Kolombia, misalnya, mencatat persentase tertinggi dengan angka mencapai 87,0% anak lahir di luar pernikahan. Angka ini menunjukkan bahwa pernikahan formal bukan lagi prasyarat utama untuk memulai sebuah keluarga di negara tersebut.
Selain Kolombia, negara-negara lain di kawasan tersebut juga menunjukkan tren serupa. Chile berada di posisi kedua dengan 78,1%, diikuti oleh Kosta Rika (74,0%) dan Meksiko (73,7%). Angka-angka ini mencerminkan bagaimana kerangka hukum di Amerika Latin telah beradaptasi untuk memberikan pengakuan dan perlindungan kepada anak-anak yang lahir dari pasangan yang tidak menikah.
Faktor Budaya dan Hukum Membentuk Pola Keluarga
Tingginya proporsi anak lahir di luar nikah di Amerika Latin sangat kontras dengan situasi di beberapa negara Asia Timur dan Eropa tertentu. Di kawasan tersebut, norma budaya, tradisi keagamaan yang kuat, dan kerangka hukum yang konservatif masih menempatkan pernikahan sebagai landasan utama untuk memiliki keturunan.
Perubahan sosial yang terjadi di Amerika Latin turut mengurangi tekanan masyarakat untuk menikah sebelum memiliki anak. Selain itu, akses yang lebih terbatas ke lembaga hukum formal di masa lalu, terutama bagi kelompok rentan, juga turut membentuk pola keluarga yang berbeda dari negara-negara yang memiliki norma pernikahan yang sangat kuat.

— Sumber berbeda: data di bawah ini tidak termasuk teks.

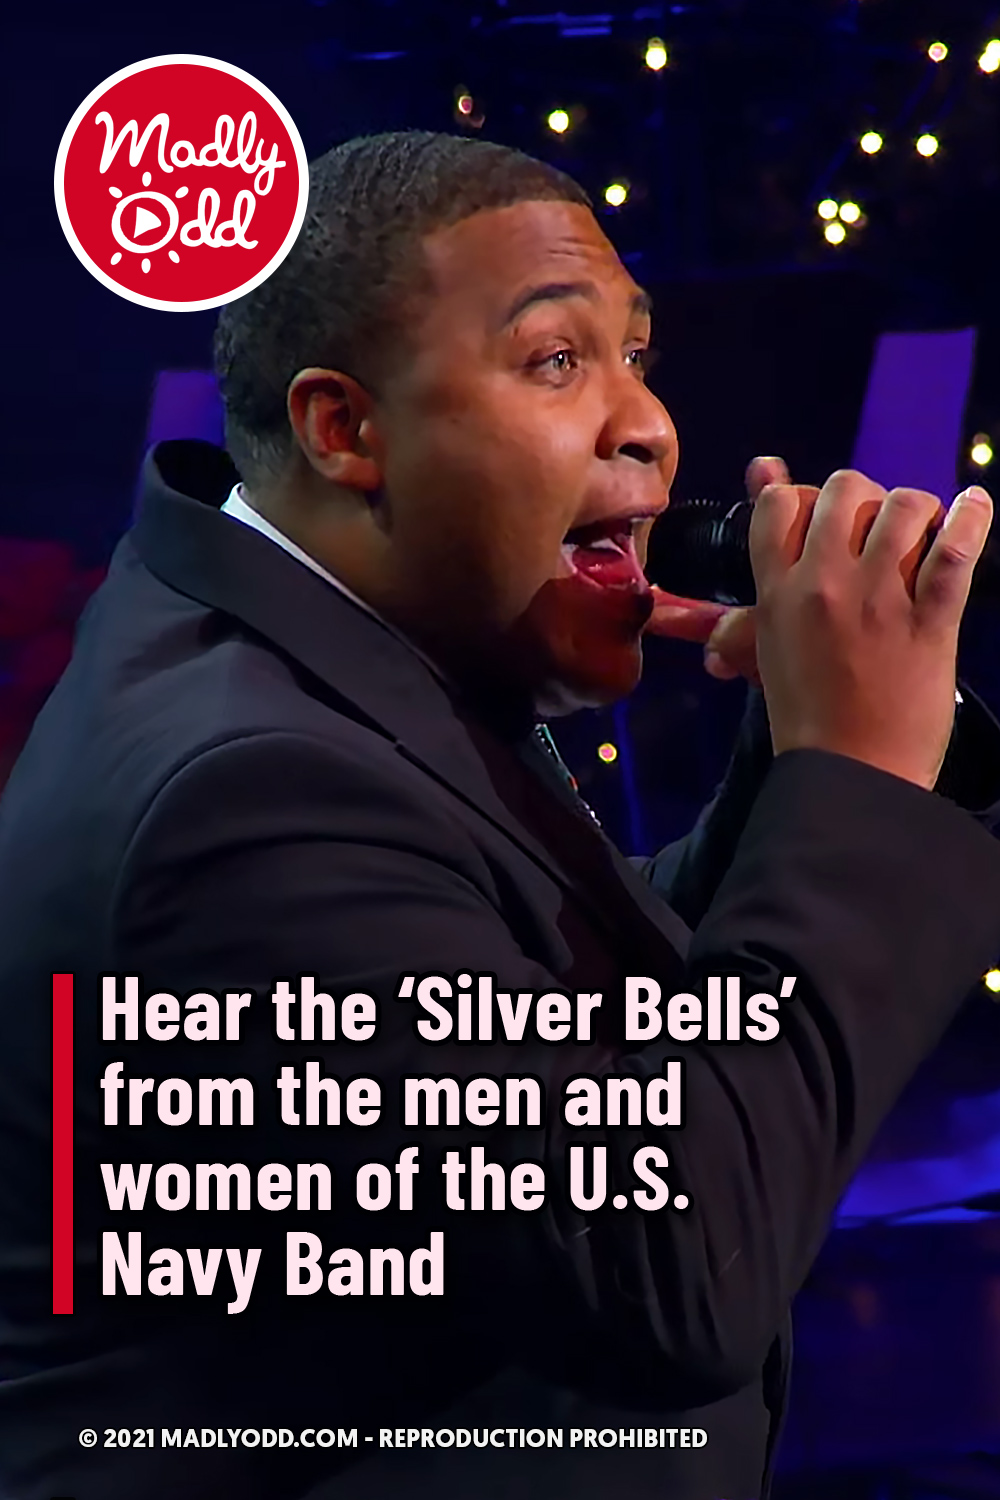 Hear the ‘Silver Bells’ from the men and women of the U.S. Navy Band

Daftar 13 Negara dengan Proporsi Anak Lahir di Luar Nikah Tertinggi
Data yang dikumpulkan oleh OECD menunjukkan adanya pergeseran pola demografi yang signifikan di berbagai belahan dunia. Berikut adalah 13 negara dengan persentase tertinggi proporsi anak lahir di luar nikah:
Kolombia: 87,0%
Chile: 78,1%
Kosta Rika: 74,0%
Meksiko: 73,7%
Islandia: 69,4%
Norwegia: 61,2%
Bulgaria: 59,7%
Portugal: 59,5%
Prancis: 58,5%
Swedia: 57,5%
Slovenia: 56,5%
Denmark: 54,7%
Estonia: 53,8%
Posisi Negara Anglo dan Eropa Utara
Sementara negara-negara Amerika Latin mendominasi puncak, negara-negara Anglo dan Eropa Barat berada di posisi menengah. Amerika Serikat, misalnya, mencatat sekitar 40% anak lahir di luar pernikahan, angka yang sebanding dengan Austria dan Italia.

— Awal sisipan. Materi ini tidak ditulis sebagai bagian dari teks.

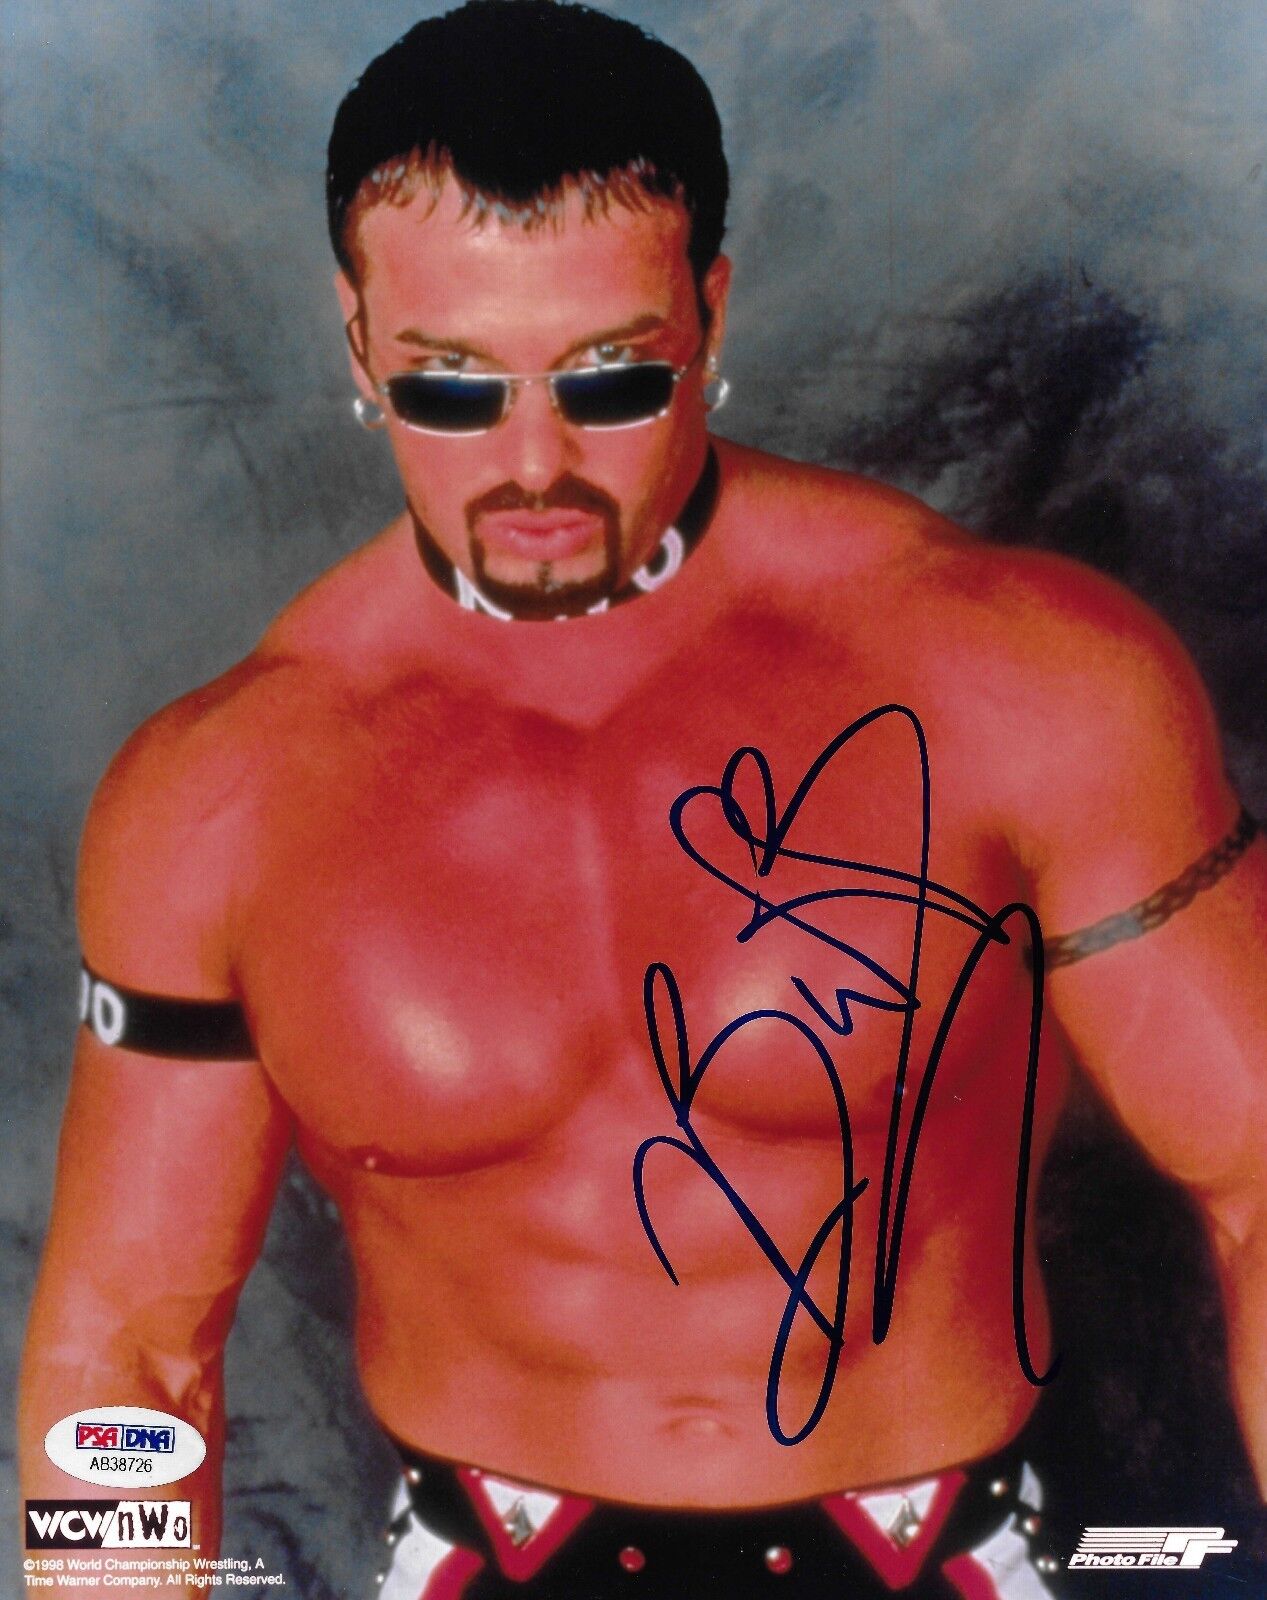 Buff Bagwell Signed WWE 8x10 Photo Poster painting PSA/DNA COA WCW NWO Picture Autograph Nitro 6

Menariknya, beberapa negara Nordik seperti Islandia, Norwegia, Swedia, dan Denmark juga masuk dalam daftar teratas. Namun, alasan di balik tingginya angka di negara-negara Nordik berbeda dengan Amerika Latin. Tingginya angka di Nordik sering dikaitkan dengan sistem kesejahteraan sosial yang kuat, di mana status pernikahan tidak memengaruhi akses terhadap tunjangan atau hak-hak anak.
Negara-negara ini secara hukum dan budaya sangat menerima kohabitasi. Hal ini membuat banyak pasangan memilih untuk hidup bersama dan memiliki anak tanpa merasa perlu untuk meresmikan hubungan mereka melalui pernikahan, karena jaminan sosial telah tersedia penuh oleh negara.
Secara keseluruhan, data ini menegaskan bahwa model keluarga tradisional yang berpusat pada pernikahan formal sedang mengalami transformasi global. Faktor sosial, ekonomi, dan hukum kini berperan besar dalam mendefinisikan struktur keluarga di abad ke-21.